Consider:
<div><a href="http://anirudhagupta.blogspot.com/">Anirudha Web blog</a></div>
What is the regular expression to get http://anirudhagupta.blogspot.com/
from the following?
<div><a href="http://anirudhagupta.blogspot.com/">Anirudha Web blog</a></div>
If you suggest something in C# that's good. I also like jQuery to do this.
Quick and dirty:
href="(.*?)"
Ok, let's go with another regex for parsing URLs. This comes from RFC 2396 - URI Generic Syntax: Parsing a URI Reference with a Regular Expression
^(([^:/?#]+):)?(//([^/?#]*))?([^?#]*)(\?([^#]*))?(#(.*))?

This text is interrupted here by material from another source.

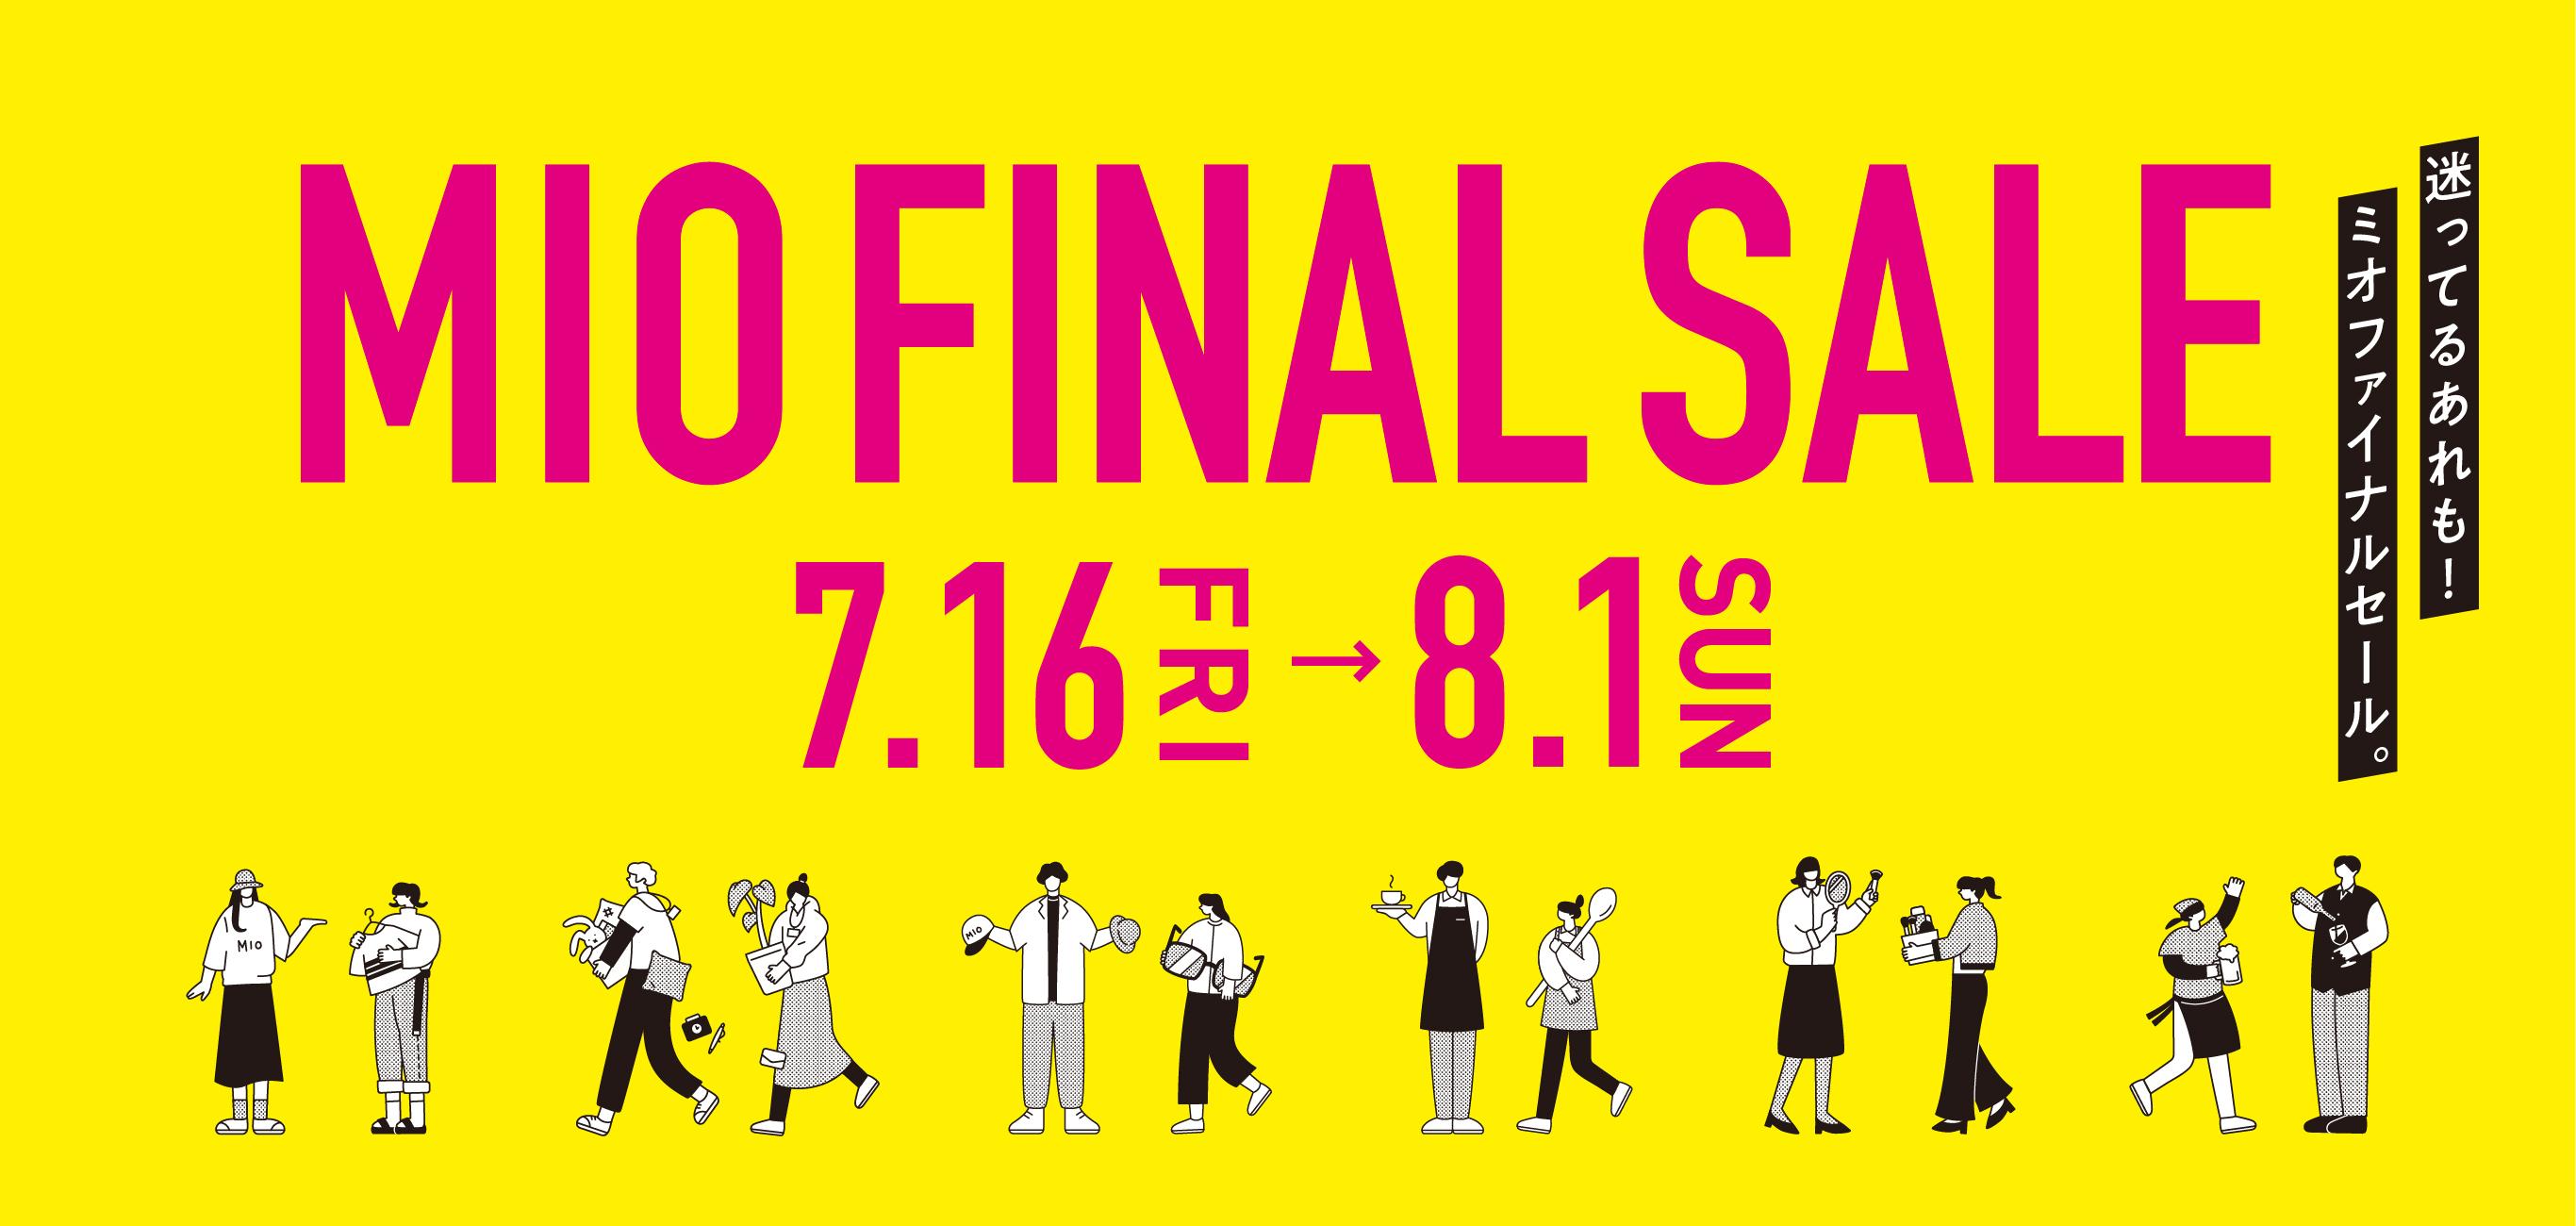 ミオファイナルセール 7月16日(金)ー8月1日(日)迷ってるあれも!ミオファイナルセール。
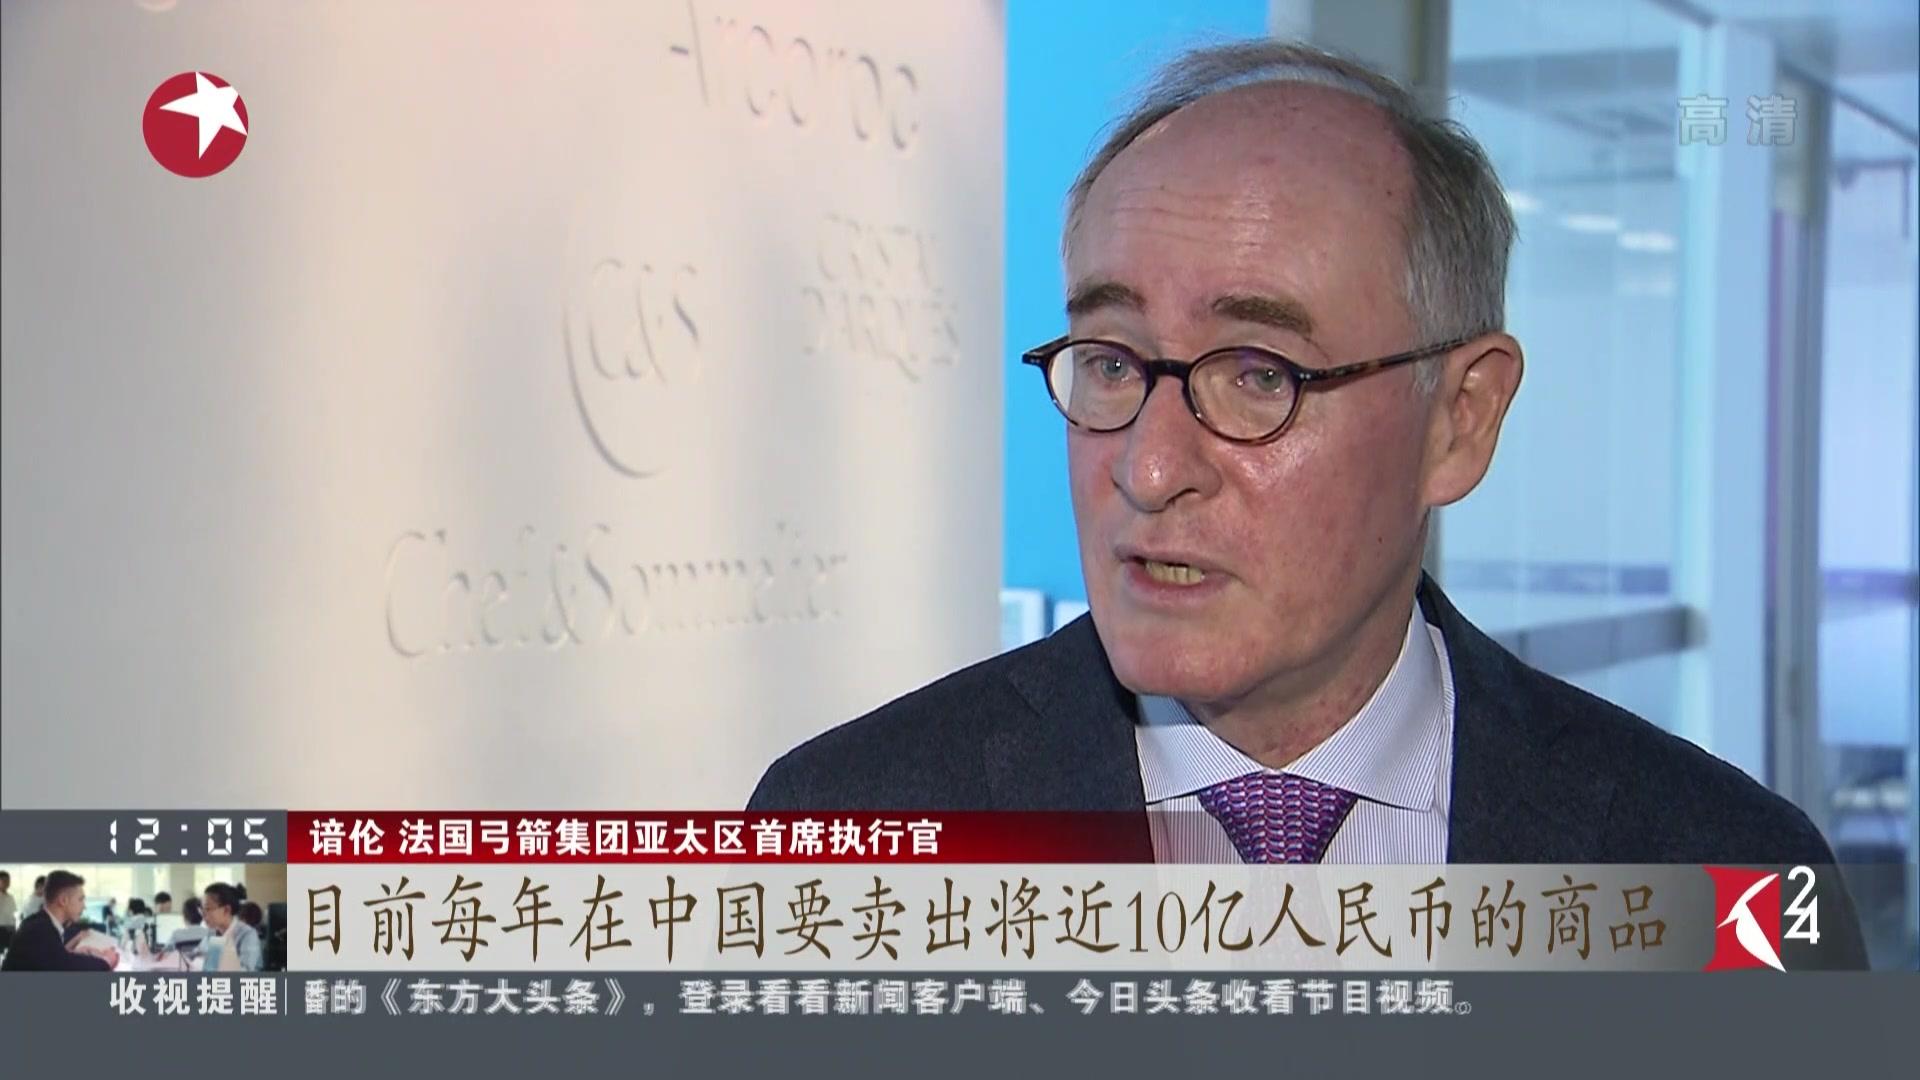 """进口博览会:在中国""""买全球"""" """"接地气""""消费日用品云集"""

Of course, you can have relative URL address into your HTML code, you'll need to address them in another way; I can recommend you to use C# Uri Constructor (Uri, String)
.
If you want to use jQuery you can do the following.
$('a').attr('href')
The simplest way to do this is using the following regular expression.
/href="([^"]+)"/
This will get all characters from the first quote until it finds a character that is a quote. This is, in most languages, the fastest way to get a quoted string, that can't itself contain quotes. Quotes should be encoded when used in attributes.
UPDATE: A complete Perl program for parsing URLs would look like this:
use 5.010;
while (<>) {
push @matches, m/href="([^"]+)"/gi;
push @matches, m/href='([^']+)'/gi;
push @matches, m/href=([^"'][^>\s]*)[>\s]+/gi;
say for @matches;
}
It reads from stdin and prints all URLs. It takes care of the three possible quotes. Use it with curl
to find all the URLs in a webpage:
curl url | perl urls.pl
The right way to do this is to load the HTML into the C# XML parser and then use XPath to query the URLs. This way you don't have to worry about parsing at all.
You don't need a complicated regular expression or HTML parser, since you only want to extract links. Here's a generic way to do it.
data="""
<html>
abcd ef ....
blah blah <div><a href="http://anirudhagupta.blogspot.com/">Anirudha Web blog</a></div>
blah ...
<div><a href="http://mike.blogspot.com/">Mike's Web blog
</a></div>
end...
</html>
"""
for item in data.split("</a>"):
if "<a href" in item:
start_of_href = item.index("<a href") # get where <a href=" is
print item[start_of_href+len('<a href="'):] # print substring from <a href onwards.
The above is Python code, but the idea behind you can adapt in your C# language. Split your HTML string using "</a>"
as delimiter. Go through each split field, check for "href"
, then get the substr after "href"
. That will be your links.